____ Information provided

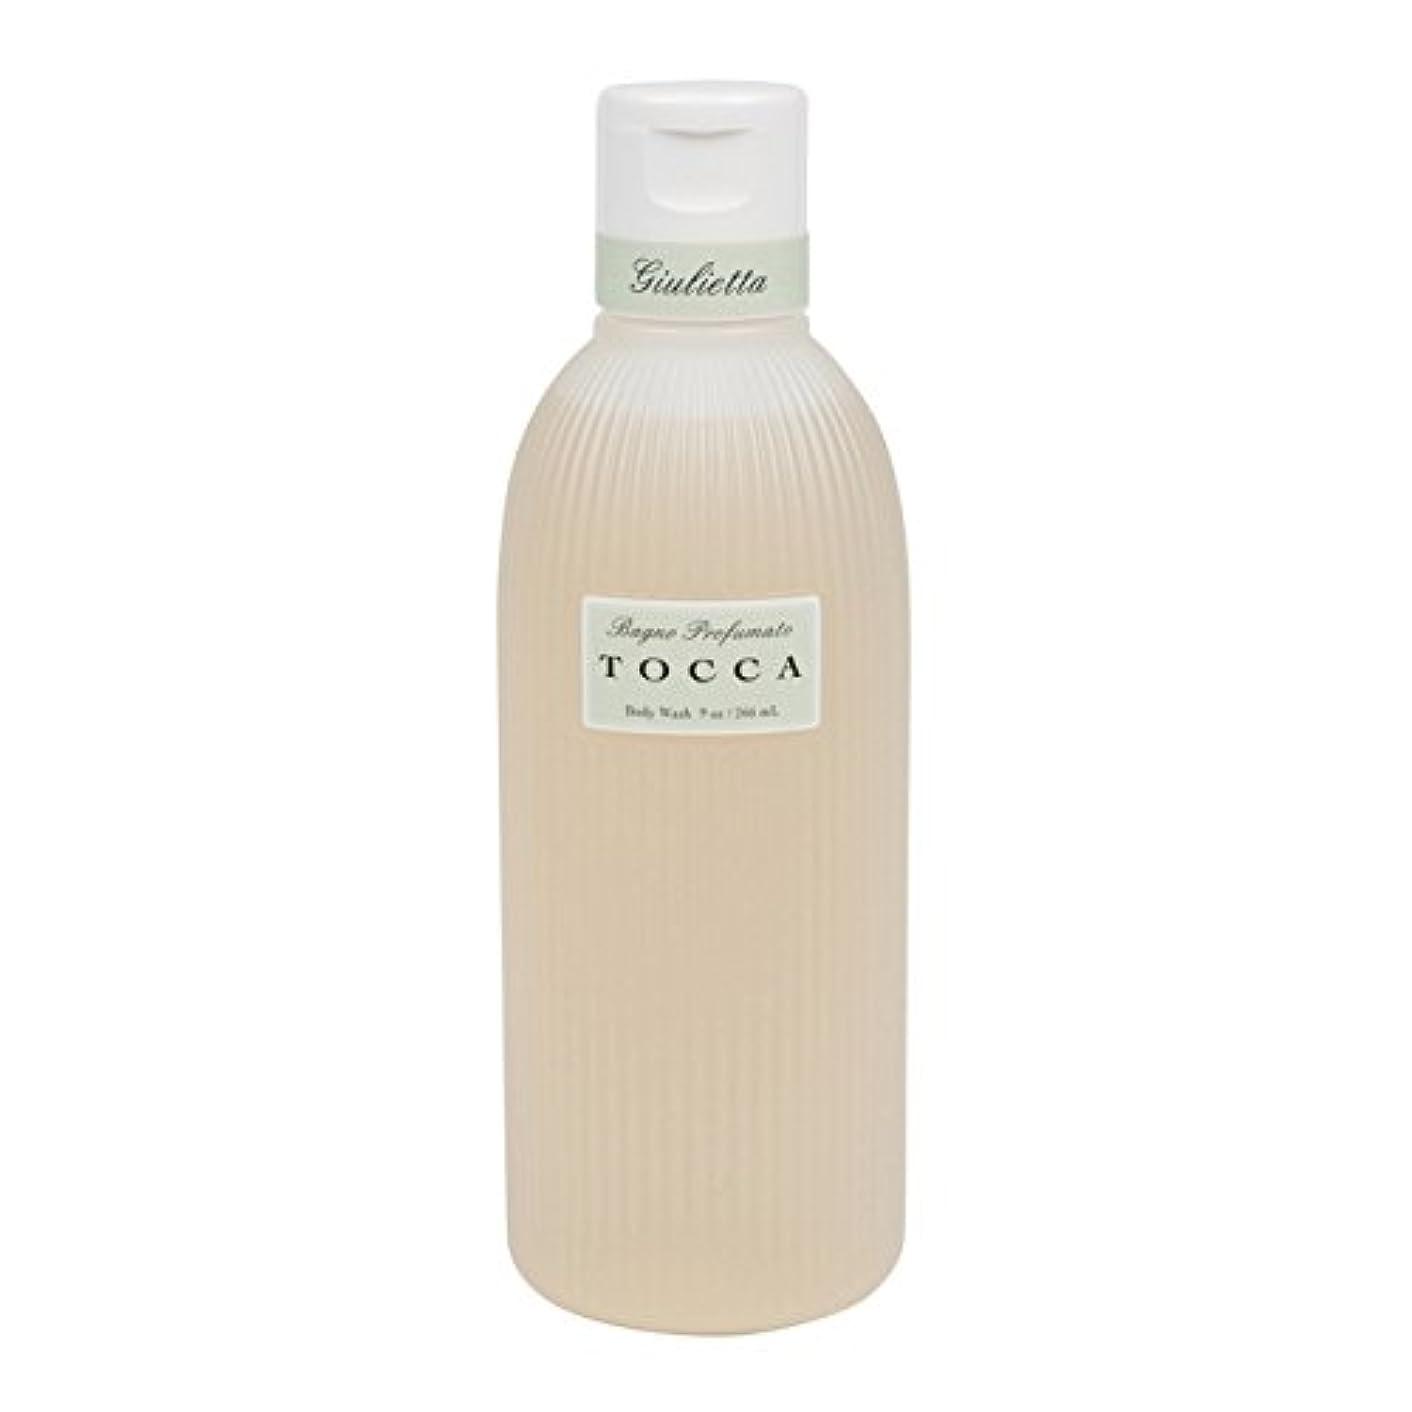 バルブサスティーン溶かすトッカ(TOCCA) ボディーケアウォッシュ ジュリエッタの香り  266ml(全身用洗浄料 ボディーソープ ピンクチューリップとグリーンアップルの爽やかで甘い香り)
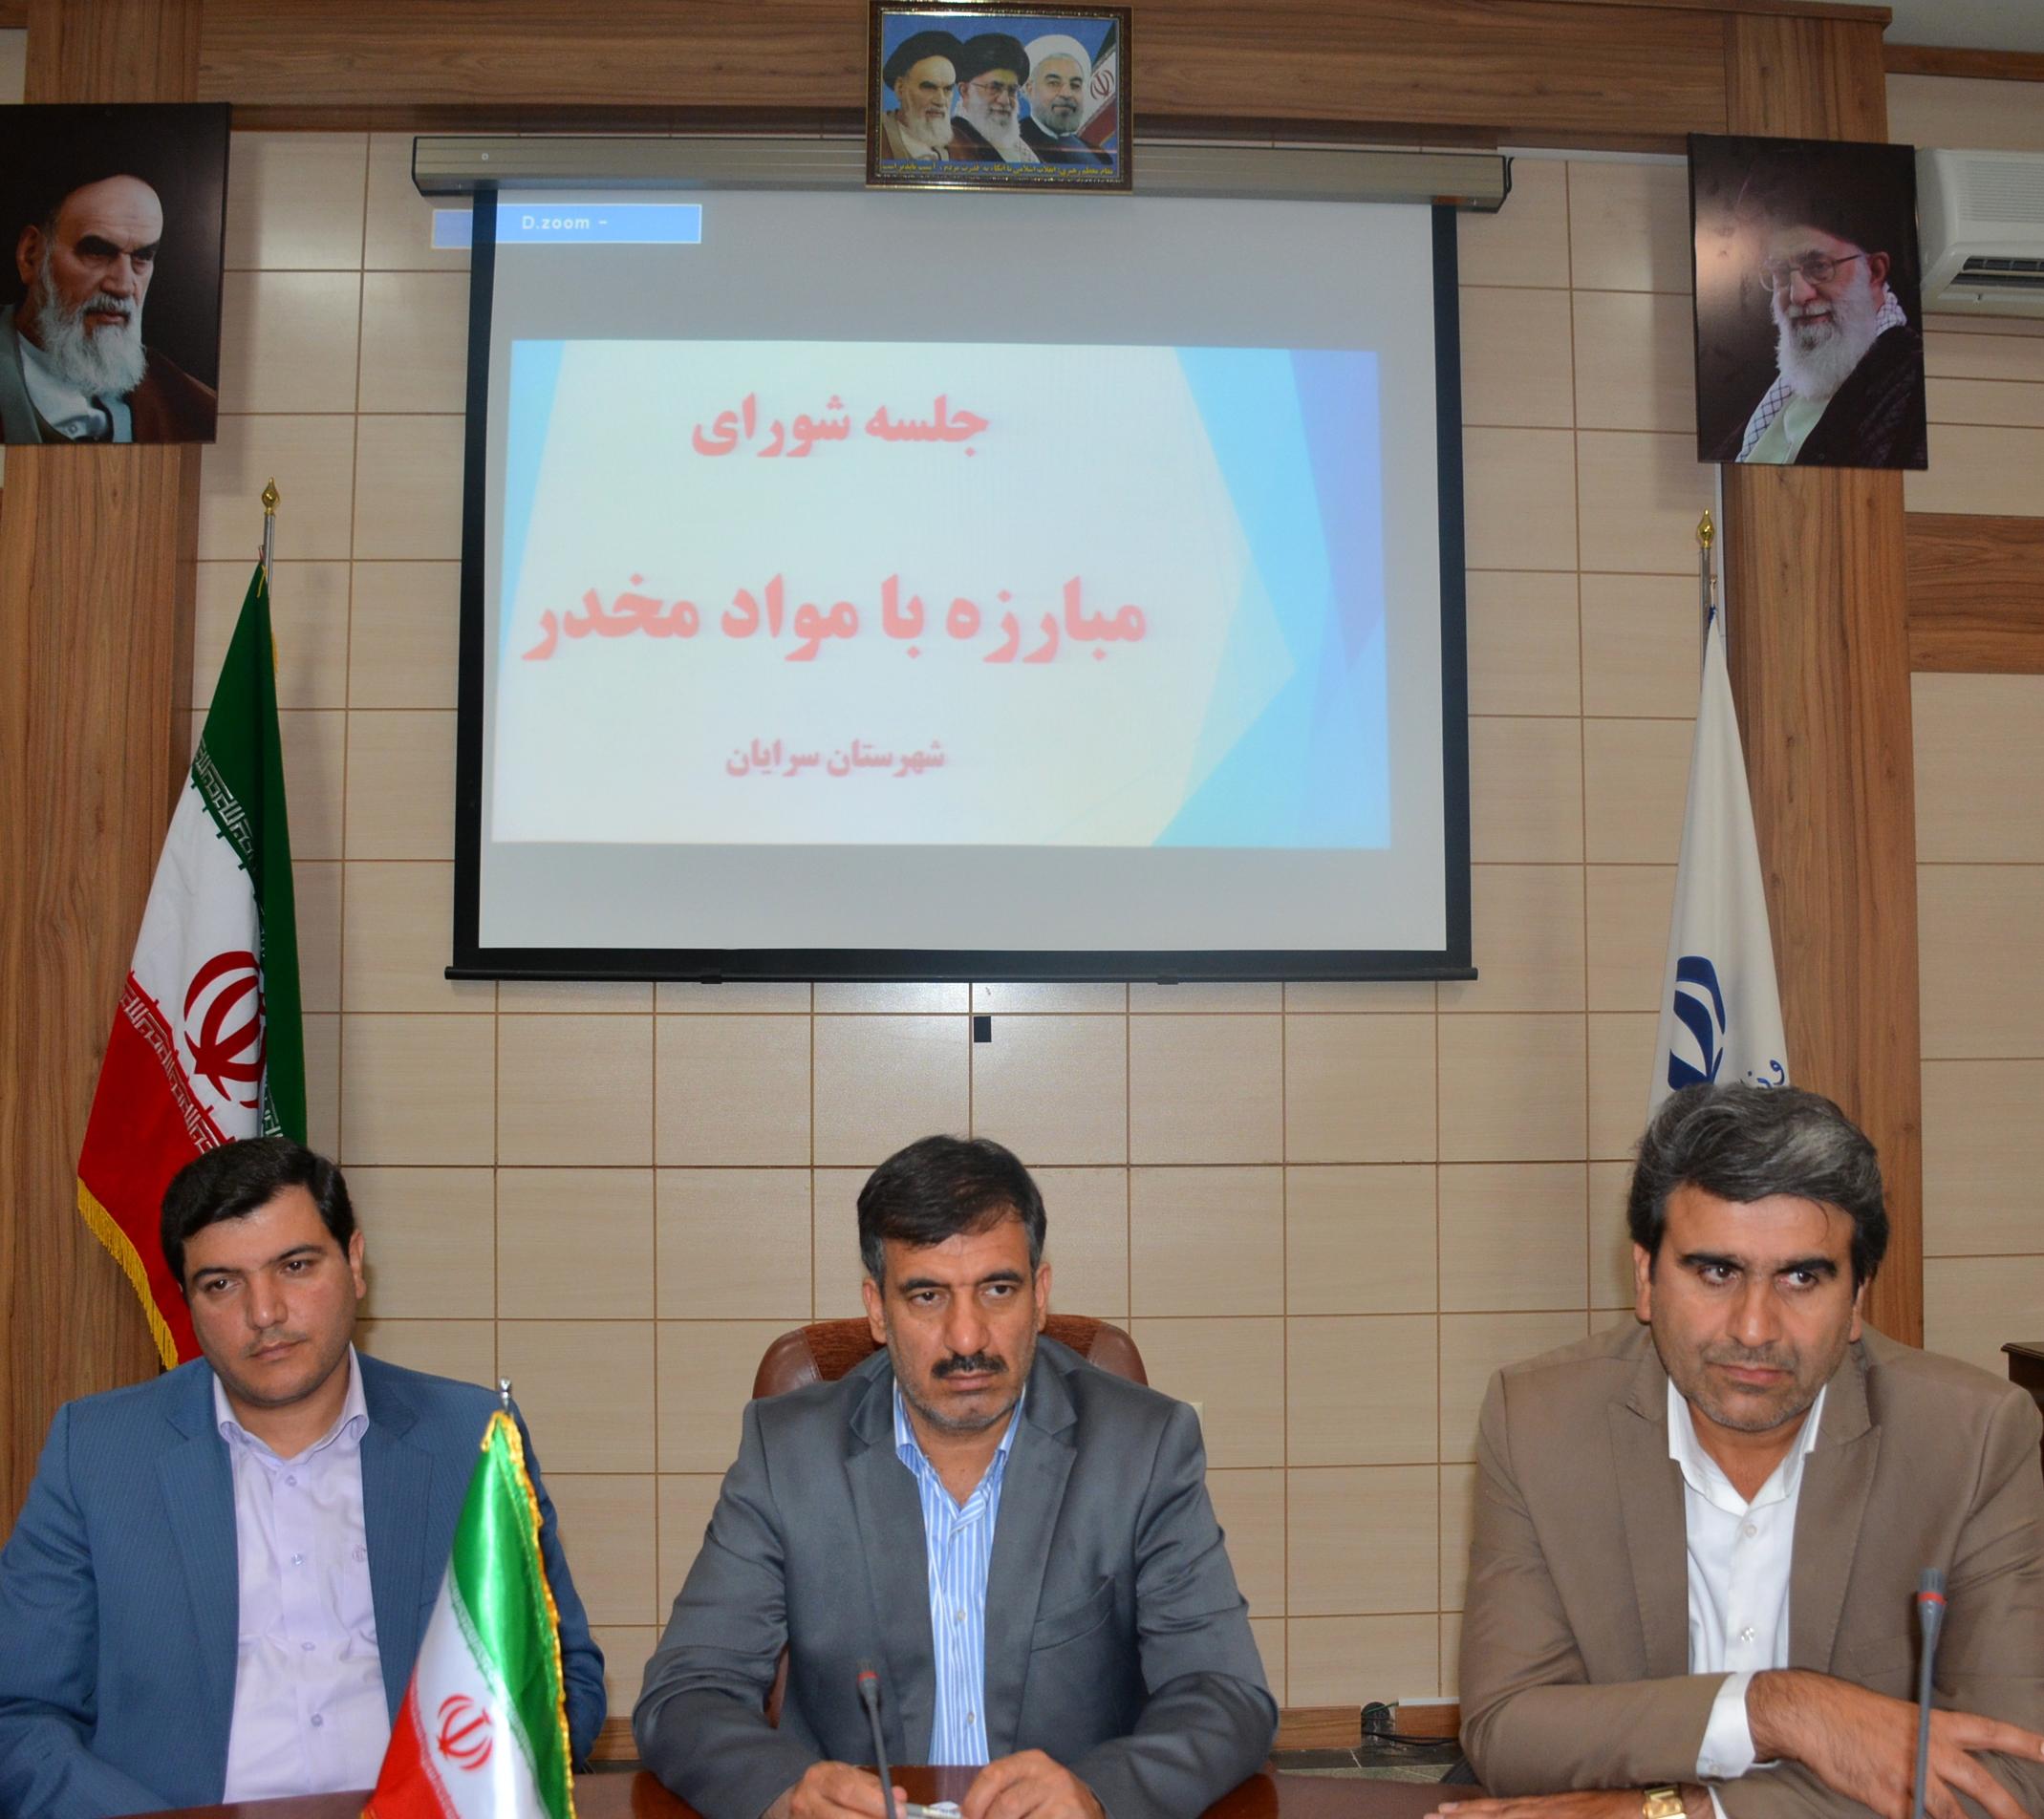 جلسه  شوراي  مبارزه با مواد مخدر  شهرستان سرايان برگزار شد .
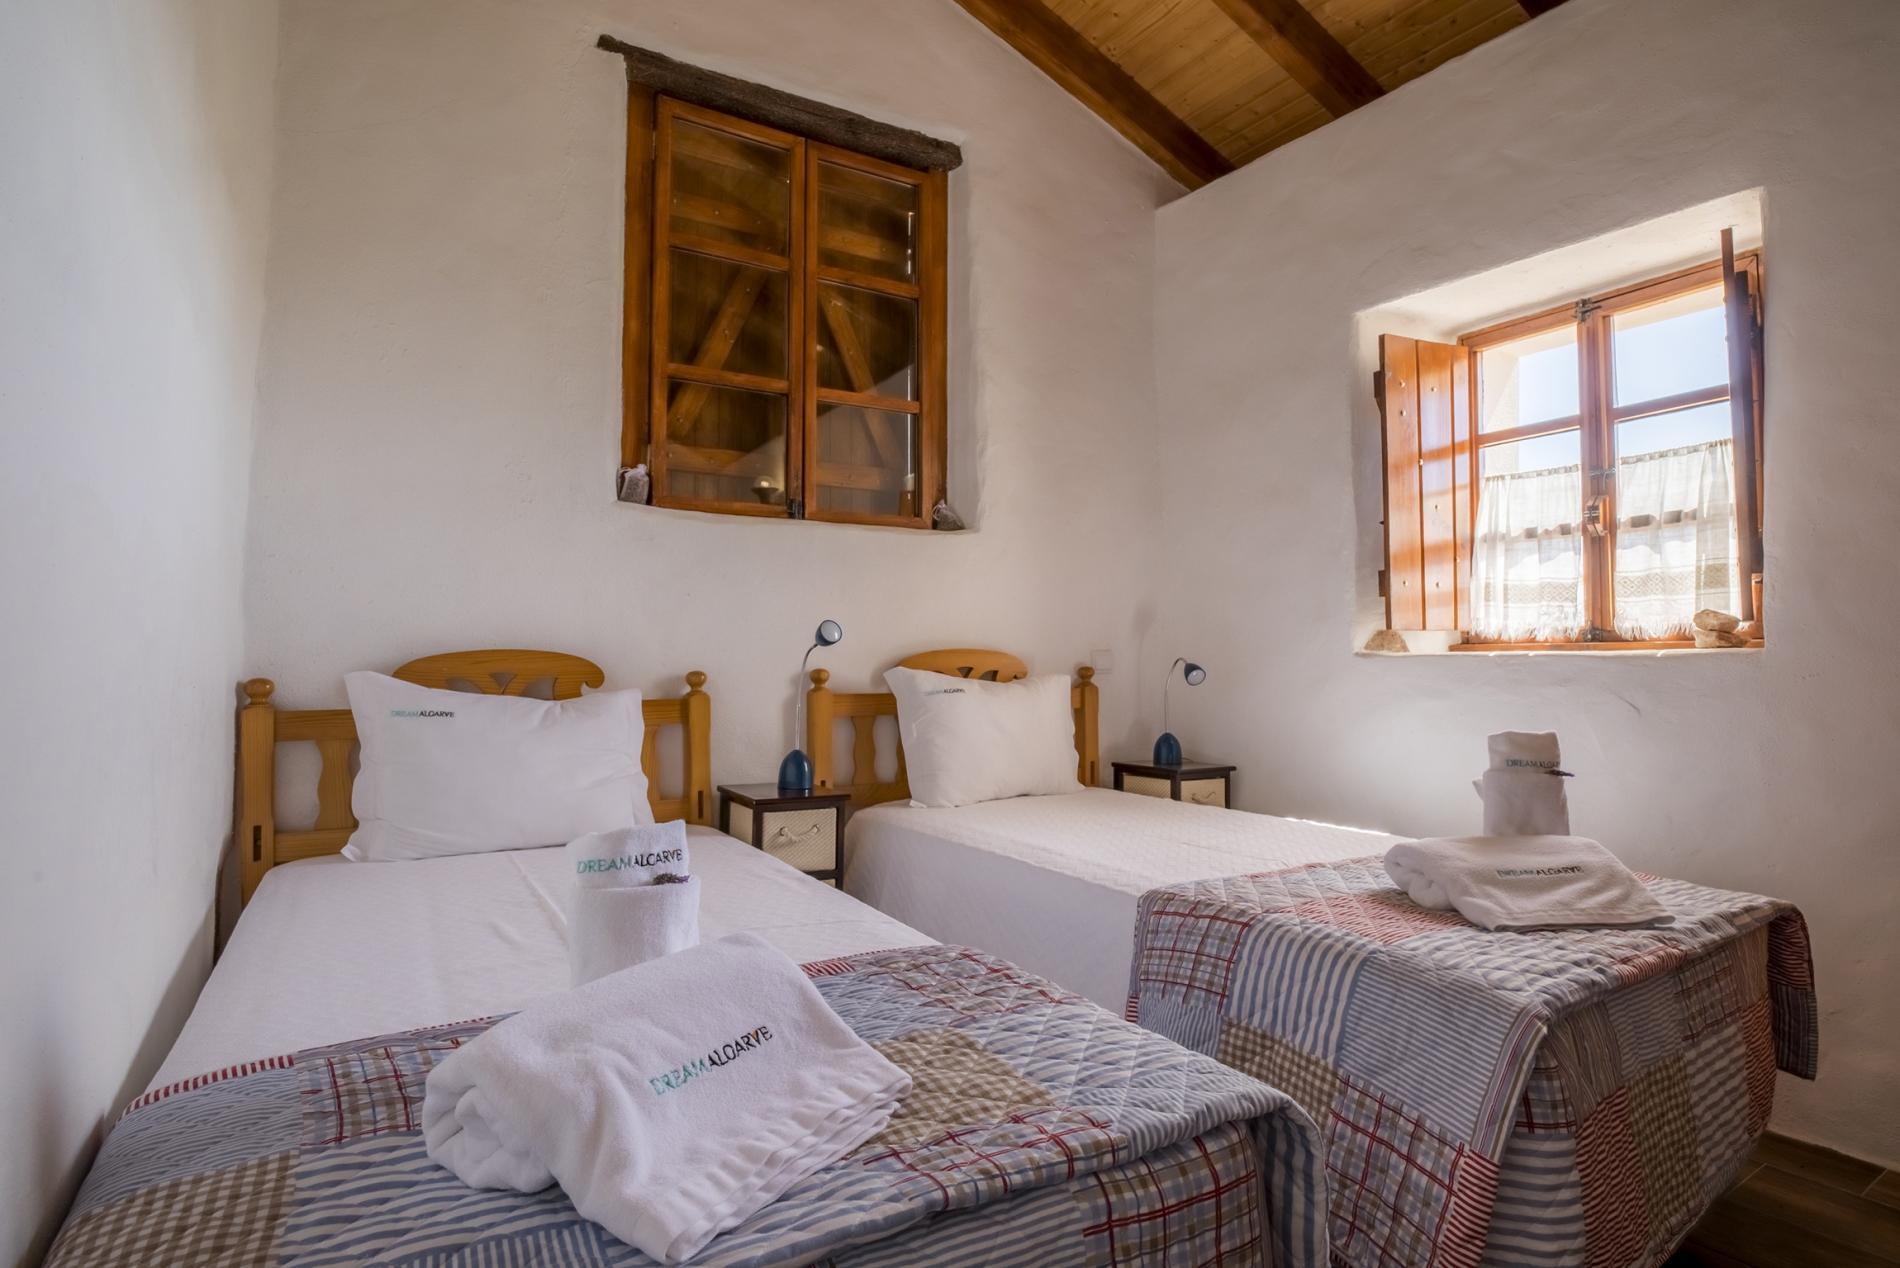 F - Casa do Garibaldi in Quinta das Alagoas photo 22521330

________

**Work to complete:** Set the whole listing down again unchanged, apart from the pictures, which are omitted.

**Exercise response:**
 バルブサスティーン溶かすトッカ(TOCCA) ボディーケアウォッシュ ジュリエッタの香り  266ml(全身用洗浄料 ボディーソープ ピンクチューリップとグリーンアップルの爽やかで甘い香り)
 جلسه  شوراي  مبارزه با مواد مخدر  شهرستان سرايان برگزار شد .
 F - Casa do Garibaldi in Quinta das Alagoas photo 22521330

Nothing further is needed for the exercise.